In the next stage, we conducted an accuracy analysis based on a test set that was not involved in the learning process. Although accuracy analysis on independent test fields is available in EnMAP-Box, the r . k a p p a function from the GRASS plugin was used for technical reasons. Function " r . k a p p a tabulates the error matrix of classification result by crossing classified map layer with respect to reference map layer. Both overall kappa (accompanied by its variance) and conditional kappa values are calculated. This analysis program respects the current geographic region and mask settings" (https://ibiblio.org/pub/packages/gis/grass/grass63/manuals/html63_user/r.kappa.html). In this manner, pixel accuracy was determined. In addition, accuracy was analyzed at the plot level by performing an automatic majority class extraction for each polygon (QGIS-Processing tools-Zonal statistic).
Even though researchers have investigated different metrics over the years [26,27,28,29,30,31]), the most commonly recommended metric remains Overall Accuracy (OA) [32], which is defined as OA = TP / (TN + FP + FN) [28]. Therefore, in our study, we limited our analysis to OA.
The study aimed to compare the accuracy of classification results from Sentinel-2 and hyperspectral images captured at significantly different altitudes (10 m for satellites and 1-3 m for aerial images). Processing of single registrations from both types of images as well as time series of Sentinel-2 was conducted to achieve this goal. The complete dataset (stack) was used for classification, and the accuracy was compared to the classification results obtained by excluding NDVI, DEM, and their processing from the remote sensing data.

3. Results

Before presenting the classification results, we would like to showcase the crop structure in the test area, as seen in Figure 5. The plots have a complex and intricate cultivation pattern, with small, elongated, and often irregular shapes. A clearer view can be seen in the False Color Composite (FCC = B8A, B4, B3) of the image captured on July 28th, 2021, just before the first harvest, as shown in Figure 6. The image clearly displays green vegetation (represented in red), buildings and bare soil (in cyan), fields of mature crops (in dark green), forests, and water. The stack data can be seen in Figure A1 to Figure A4.
The best clustering results were obtained from the S2 stack, as shown in Figure 7. The results from clustering other datasets can be found in Appendix A (Figure A5 and Figure A6).
Figure A5 shows correctly classified green vegetation (green) and crops in some fields (yellow). However, a phenomenon of indistinguishability between built-up areas and bare soil (white and gray) can always be noted for a single registration date.
The clustering of the time series, both in the S2 stack (Figure 7) and the S2 time series (Figure A6), allows for the separation of built-up areas (gray), industrial areas (violet), and bare soils (brown).
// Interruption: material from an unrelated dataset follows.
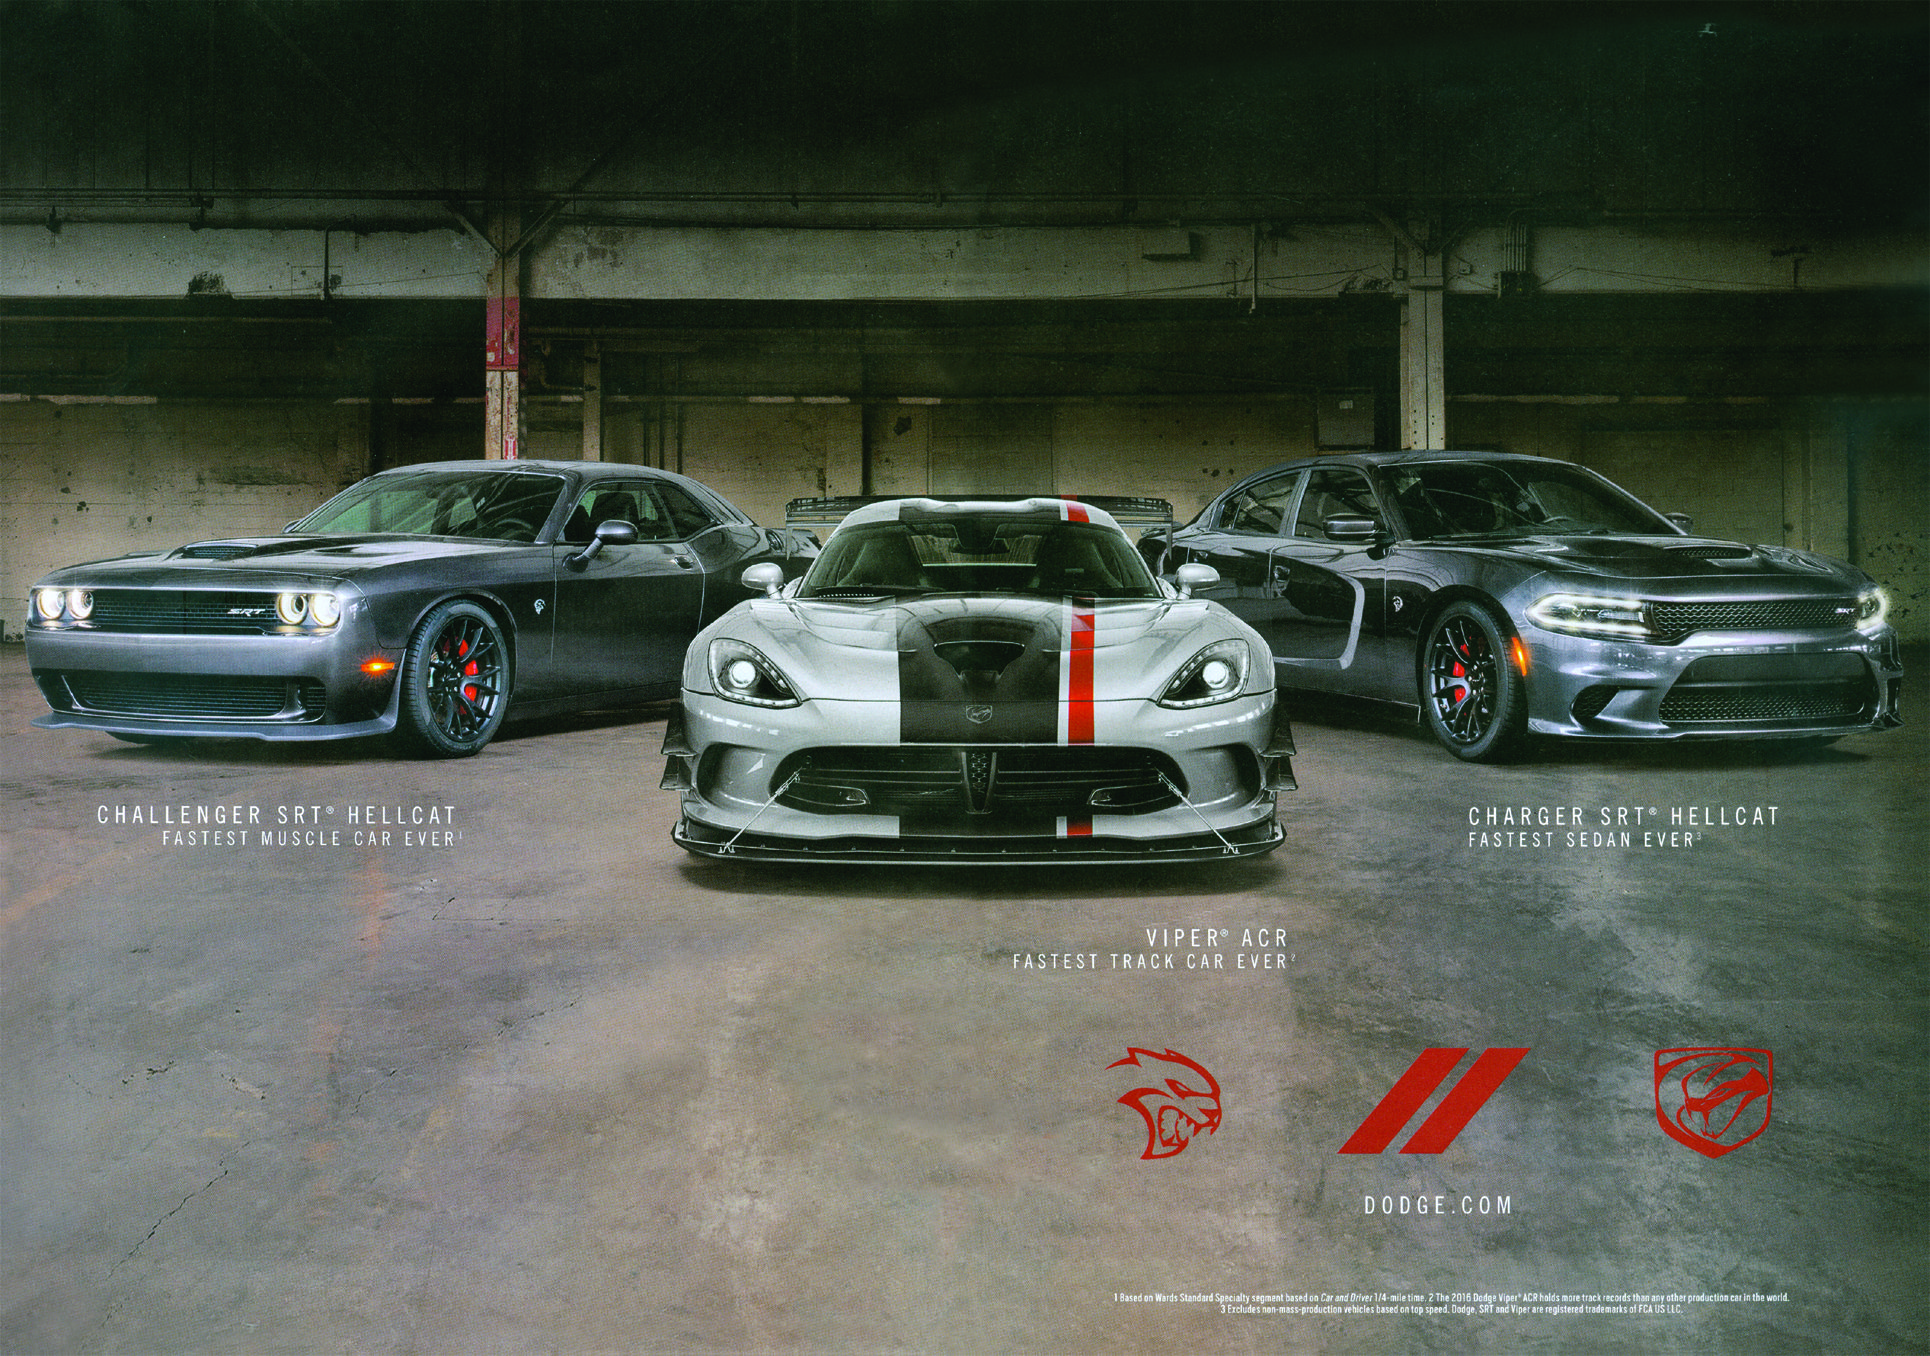 Dodge Challenger Hellcat Viper Charger Hellcat 2016 Print Ad

Additionally, mature cereals can be differentiated from green vegetation in the fields (yellow and green). Clustering the time series of remote sensing data alone, however, provides better differentiation within the green vegetation (represented in light green and cyan in Figure 7).
From the clustering results, we extracted classes to mask the areas not analyzed further for crop recognition.
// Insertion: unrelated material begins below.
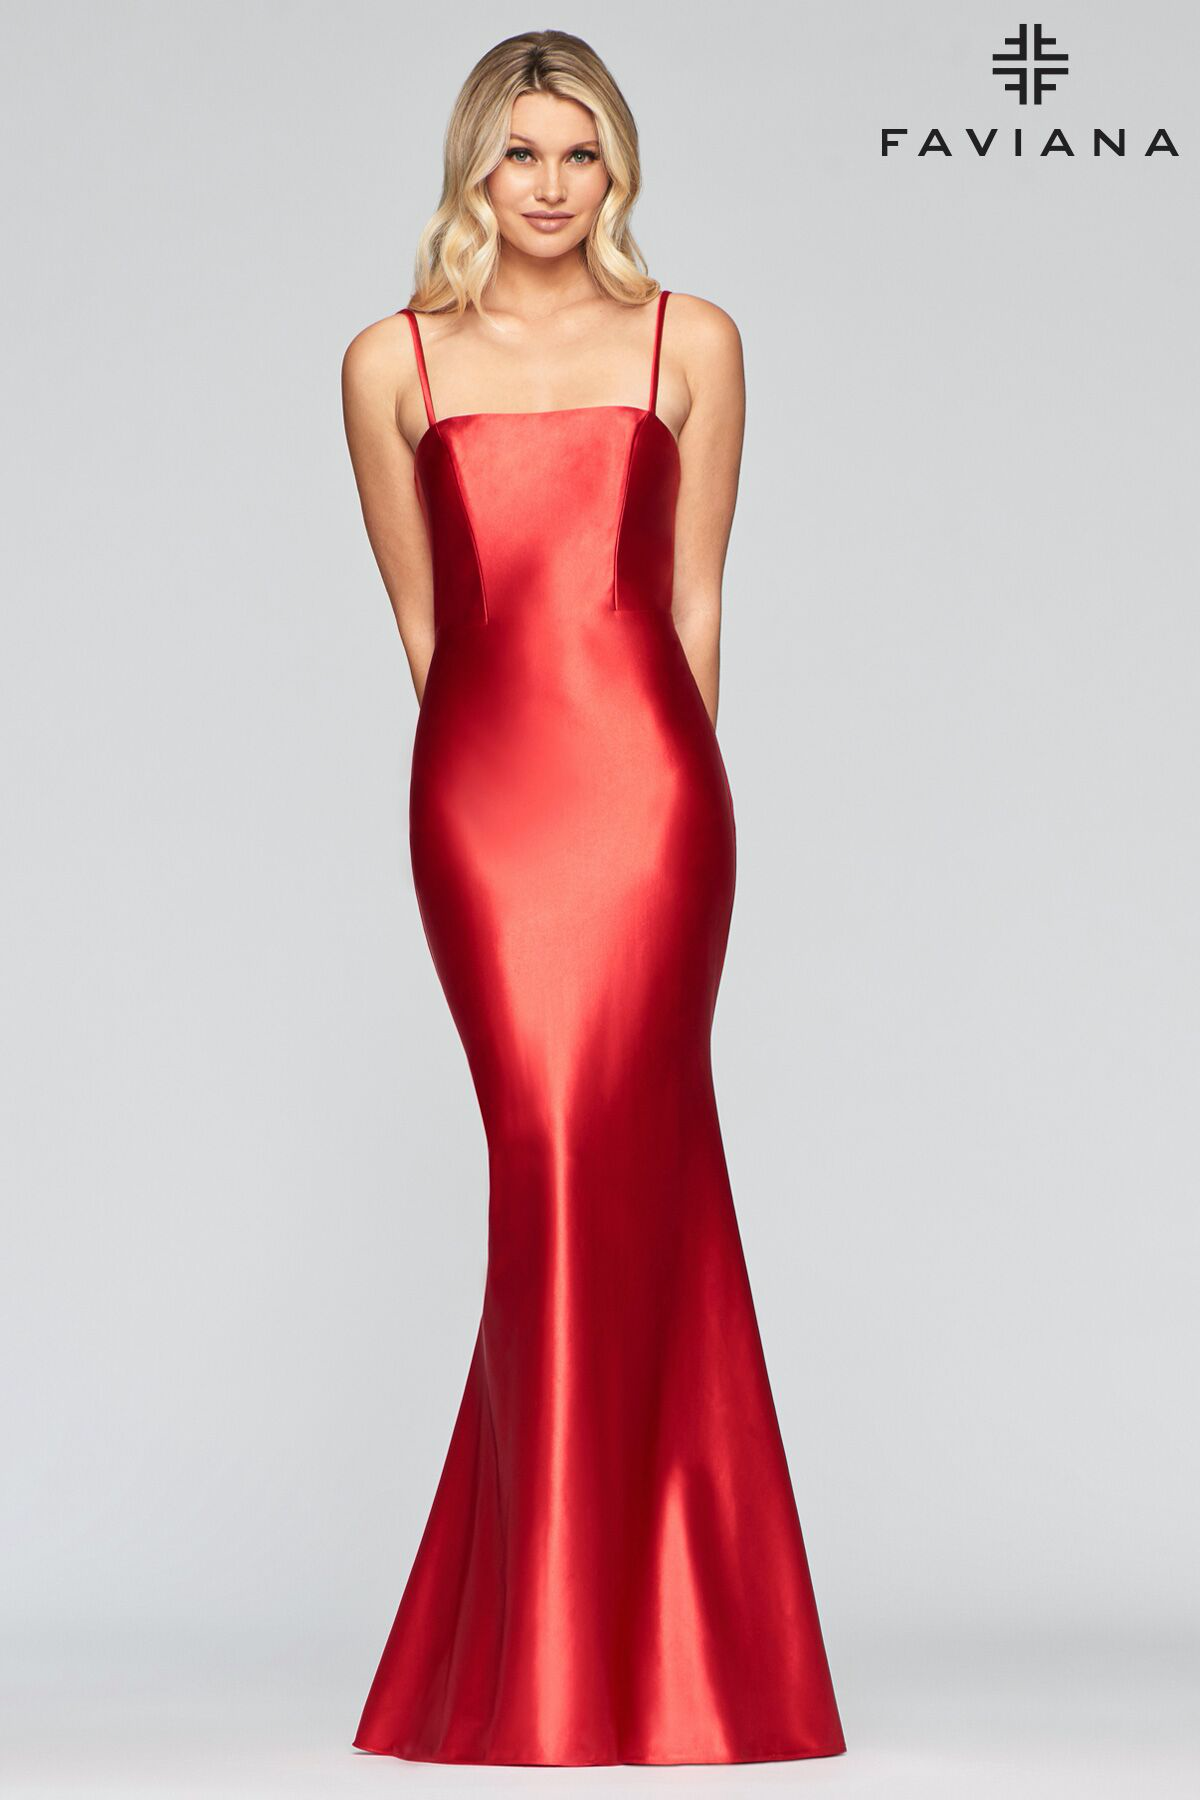 Faviana S10411 Satin Dress Long Black Long Sleeve Cocktail Dress Stretch Satin Dress [ 1800 x 1200 Pixel ]

  • residential and industrial areas (Figure 7 class 4 and 3),
  • forests (Figure 7, class 1 and 6)
  • bare soils mixed with industrial areas (Figure A5, Class 8)
The masked clustering crop prediction is shown in Figure 8. For comparison, the results of the Random Forest (RF) classification are presented in Figure 9 and Figure 10 (which are numbered according to the crop ID Table 1). Due to under-representation of classes 1, 3, 4, and 9, the supervised classification was limited to classes 2, 5, 6, 7, and 8.
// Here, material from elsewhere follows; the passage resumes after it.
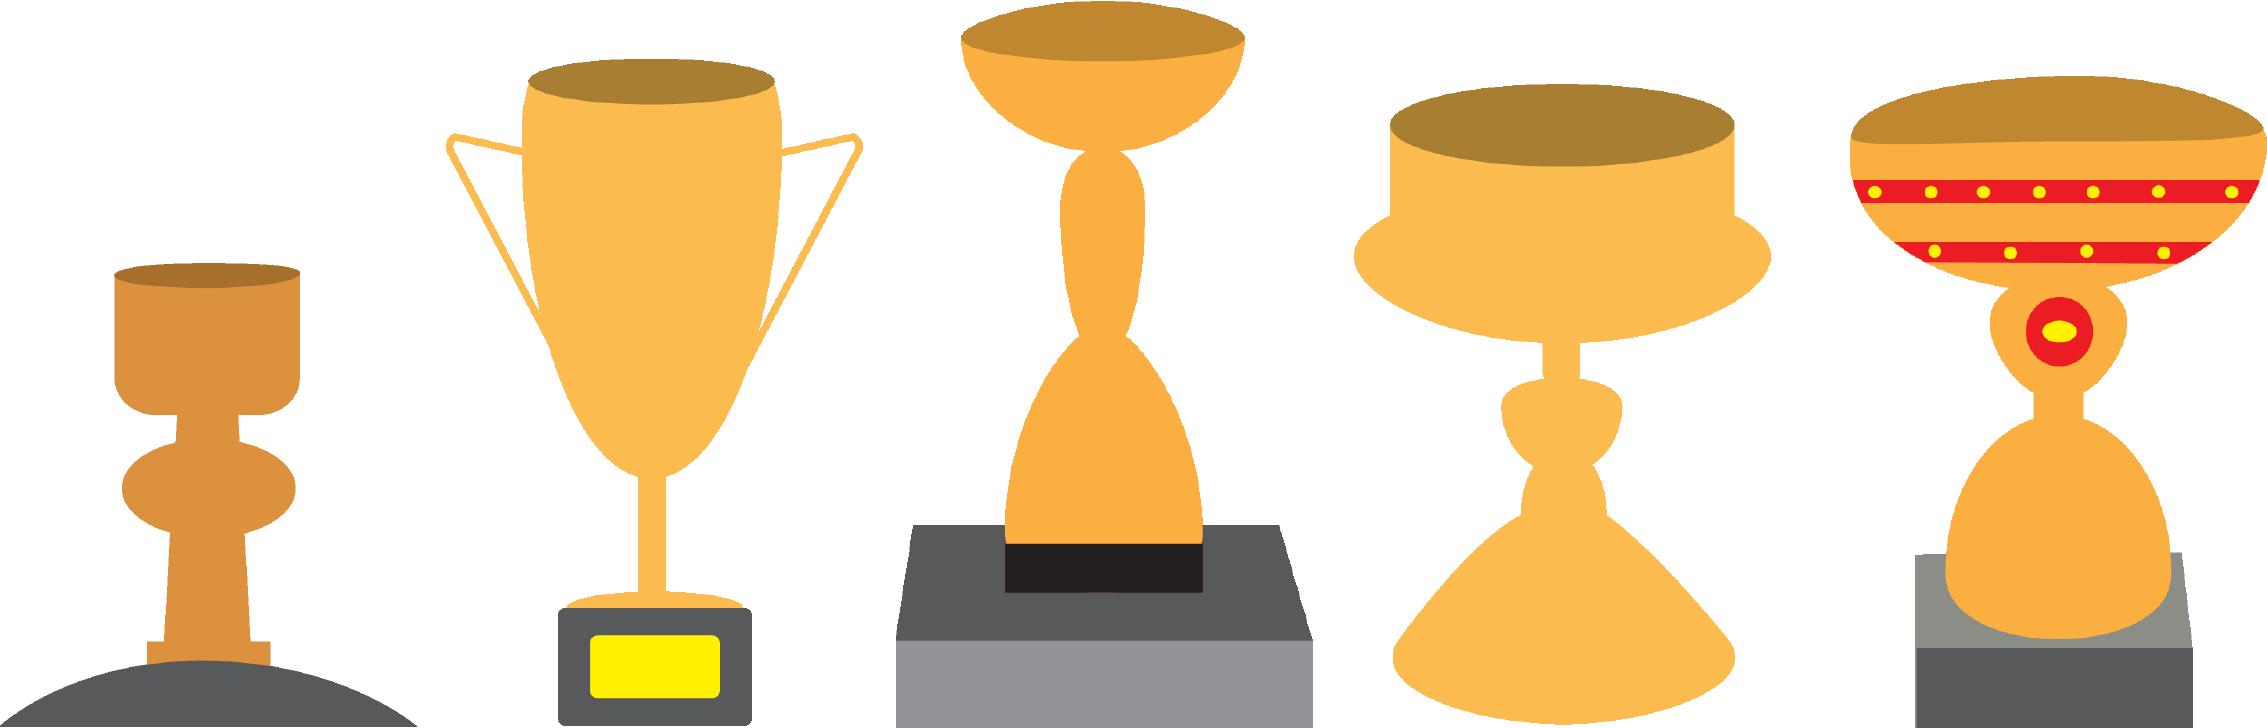 2019 business achievement awards

For hyperspectral data, the best results were obtained when the spatial resolution was reduced to 3m, as shown in Figure 11 and Figure 13. The results of the clustering accuracy analysis are presented in Figure 14, while the accuracy of the RF classification can be analyzed in Figure 15. Detailed results of the accuracy analysis are provided in Appendix A, including Table A1, Table A2 for Sentinel-2 data, and Table A3, Table A4 for HySpex data, along with Figure A11 and Figure A12.
The highest clustering accuracy on the test set was obtained for HySpex 3m with a score of 0.81, and adding additional data did not increase accuracy (Figure 14 blue bars). However, the accuracy of HySpex 1m clustering was low, at 0.55. The maximum accuracy from Sentinel-2 was obtained for the S2 stack, which scored 0.74, for the S2 time series 68% and for single registration S2 0728 39%. For grain crops excluding bare soil and corn ( Figure 14 red bars), the accuracy was above 0.90, with scores of 0.93 for the S2 stack and 0.97 for HySpex 3m. The accuracy of clustering was determined for all reference objects/parcels as no teaching data are required in this case.
The RF method had a greater difference in accuracy between the training pixel set and the test pixel set for Sentinel-2 images than for hyperspectral data (Figure 15). The training accuracy on the S2 stack was 0.97 and the accuracy on the test pixels was 0.70, while the training accuracy for HySpex 3m was 0.85 and the accuracy on the test pixels was 0.73. The object accuracy was slightly less than the pixel accuracy for the S2 stack (0.69), but greater than the pixel accuracy for HySpex 3m (0.75). The effectiveness of the RF method in correctly classifying grain crops excluding bare soil and corn was 100%.

4. Discussion

When comparing classification results, three aspects should be taken into account:
  • whether the results concern method validation or testing on independent test data not used for learning
  • whether the reference data was divided in a way that prevents data correlation
  • which metric was chosen to assess accuracy
Often, articles present the learning process and report only the validation accuracy, which is always higher than the accuracy obtained on independent test data. K-fold cross validation is used to analyze learning effectiveness and results in higher validation accuracy compared to independent test data [33]. Reference data is also often divided in a way that falsely increases accuracy, such as selecting pixels from the same plot for the training and testing sets, which are correlated with each other. To avoid this issue in agriculture land cover recognition, reference set separation should be made at the plot level, not the pixel level. Therefore, for testing, plots that have never been seen during learning should be selected. Finally, it is sometimes reported as OA values that are actually ACC values. Machine learning typically uses four classification results types (TP, TN, FP, FN) and metrics like sensitivity, specificity, and accuracy (ACC=(TP+TN)/(FP+FN+TP+TN) [34]), which is only equal to OA in one-class classification. In multi-class classification, OA is calculated as TP/(TN+FP+FN) [28], while ACC results in much higher accuracy estimates than OA. Examples can be found in journals of both proper and improper use of ACC for classifying features [35,36].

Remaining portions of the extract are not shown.